Post-traumatic stress disorder linked to accelerated aging

Writing in the May 7 online issue of American Journal of Geriatric Psychiatry, researchers at University of California, San Diego School of Medicine and Veterans Affairs San Diego Healthcare System suggest that people with PTSD may also be at risk for accelerated aging or premature senescence.

“This is the first study of its type to link PTSD, a psychological disorder with no established genetic basis, which is caused by external, traumatic stress, with long-term, systemic effects on a basic biological process such as aging,” said Dilip V. Jeste, MD, Distinguished Professor of Psychiatry and Neurosciences and director of the Center on Healthy Aging and Senior Care at UC San Diego, who is the senior author of this study.

Researchers had previously noted a potential association between psychiatric conditions, such as schizophrenia and bipolar disorder, and acceleration of the aging process. Jeste and colleagues determined to see if PTSD might show a similar association by conducting a comprehensive review of published empirical studies relevant to early aging in PTSD, covering multiple databases going back to 2000.

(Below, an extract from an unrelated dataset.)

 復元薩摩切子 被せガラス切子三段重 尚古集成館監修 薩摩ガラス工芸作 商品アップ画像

There is no standardized definition of what constitutes premature or accelerated senescence. For guidance, the researchers looked at early aging phenomena associated with non-psychiatric conditions, such as Hutchinson-Gilford progeria syndrome, HIV infection and Down's syndrome. The majority of evidence fell into three categories: biological indicators or biomarkers, such as leukocyte telomere length (LTL), earlier occurrence or higher prevalence of medical conditions associated with advanced age and premature mortality.

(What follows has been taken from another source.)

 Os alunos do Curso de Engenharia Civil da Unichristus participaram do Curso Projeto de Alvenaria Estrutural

In their literature review, the UC San Diego team identified 64 relevant studies; 22 were suitable for calculating overall effect sizes for biomarkers, 10 for mortality.

All six studies looking specifically at LTL found reduced telomere length in persons with PTSD. Leukocytes are white blood cells. Telomeres are stretches of protective, repetitive nucleotide sequences at the ends of chromosomes. These sequences shorten with every cell replication and are considered a strong measure of the aging process in cells.

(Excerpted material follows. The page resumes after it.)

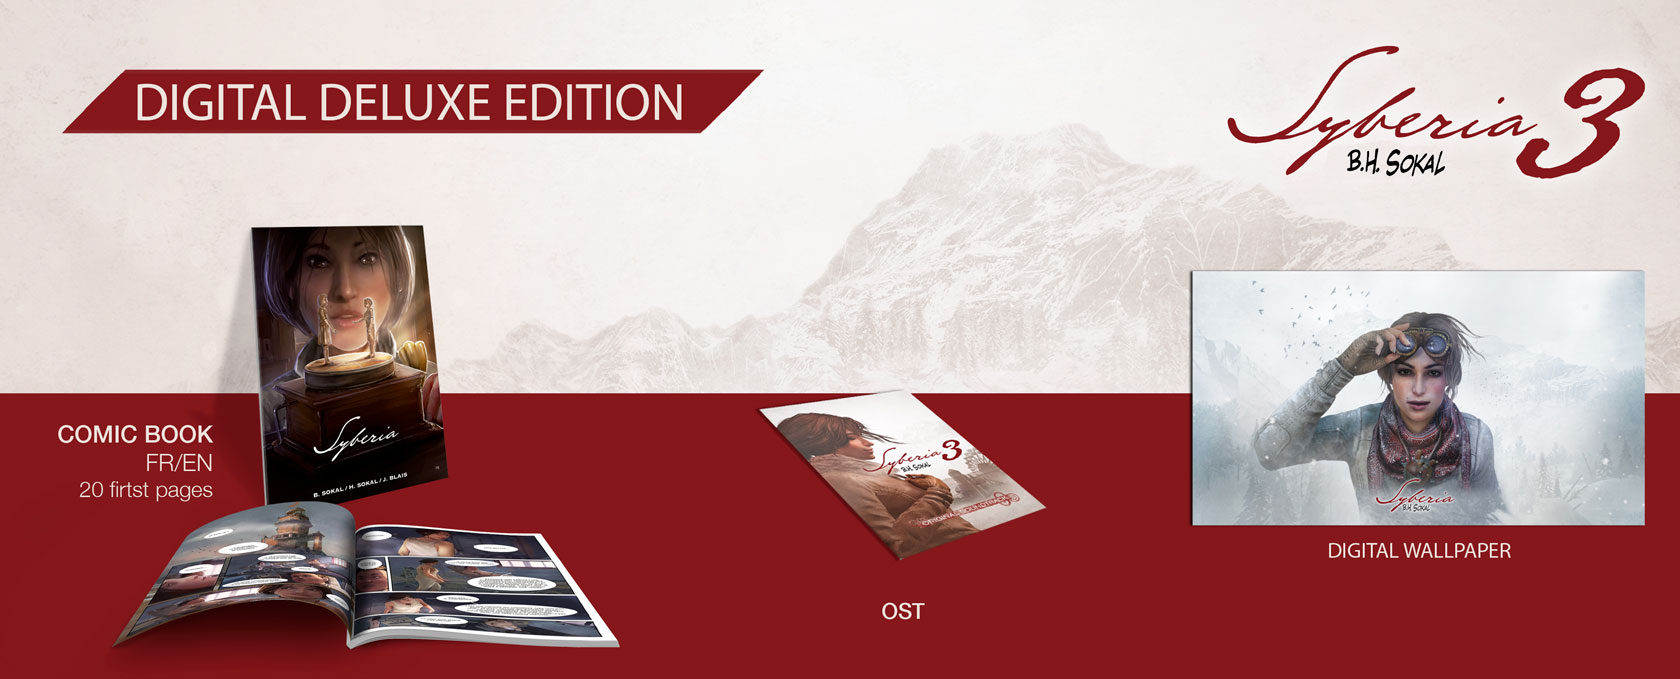 Сибирь 3 Deluxe издание

The scientists also found consistent evidence of increased pro-inflammatory markers, such as C-reactive protein and tumor necrosis factor alpha, associated with PTSD.

A majority of reviewed studies found increased medical comorbidity of PTSD with several targeted conditions associated with normal aging, including cardiovascular disease, type 2 diabetes, gastrointestinal ulcer disease and dementia.

Seven of 10 studies indicated a mild-to-moderate association of PTSD with earlier mortality, consistent with an early onset or acceleration of aging in PTSD.

“These findings do not speak to whether accelerated aging is specific to PTSD, but they do argue the need to re-conceptualize PTSD as something more than a mental illness,” said first author James B. Lohr, MD, professor of psychiatry. “Early senescence, increased medical morbidity and premature mortality in PTSD have implications in health care beyond simply treating PTSD symptoms. Our findings warrant a deeper look at this phenomenon and a more integrated medical-psychiatric approach to their care.”

Barton Palmer, PhD, professor of psychiatry and a coauthor of the study, cautioned that “prospective longitudinal studies are needed to directly demonstrate accelerated aging in PTSD and to establish underlying mechanisms.”

Other co-authors include Carolyn A. Eidt, Smitha Aailaboyina, and Steven R. Thorp, Veterans Affairs San Diego Healthcare System Center of Excellence for Stress and Mental Health and UCSD Department of Psychiatry and Stein Institute for Research on Aging; Brent T. Mausbach, UCSD Department of Psychiatry and Stein Institute for Research on Aging; and Owen M. Wolkowitz, UC San Francisco.

Funding for this research came, in part, from the Veterans Affairs San Diego Healthcare System Center of Excellence for Stress and Mental Health, National Institutes of Health grants R01MH099987, R01MH094151, T32MH019935, and U.S. Department of Defense, UC San Diego Center for Healthy Aging and Sam and Rose Stein Institute for Research on Aging.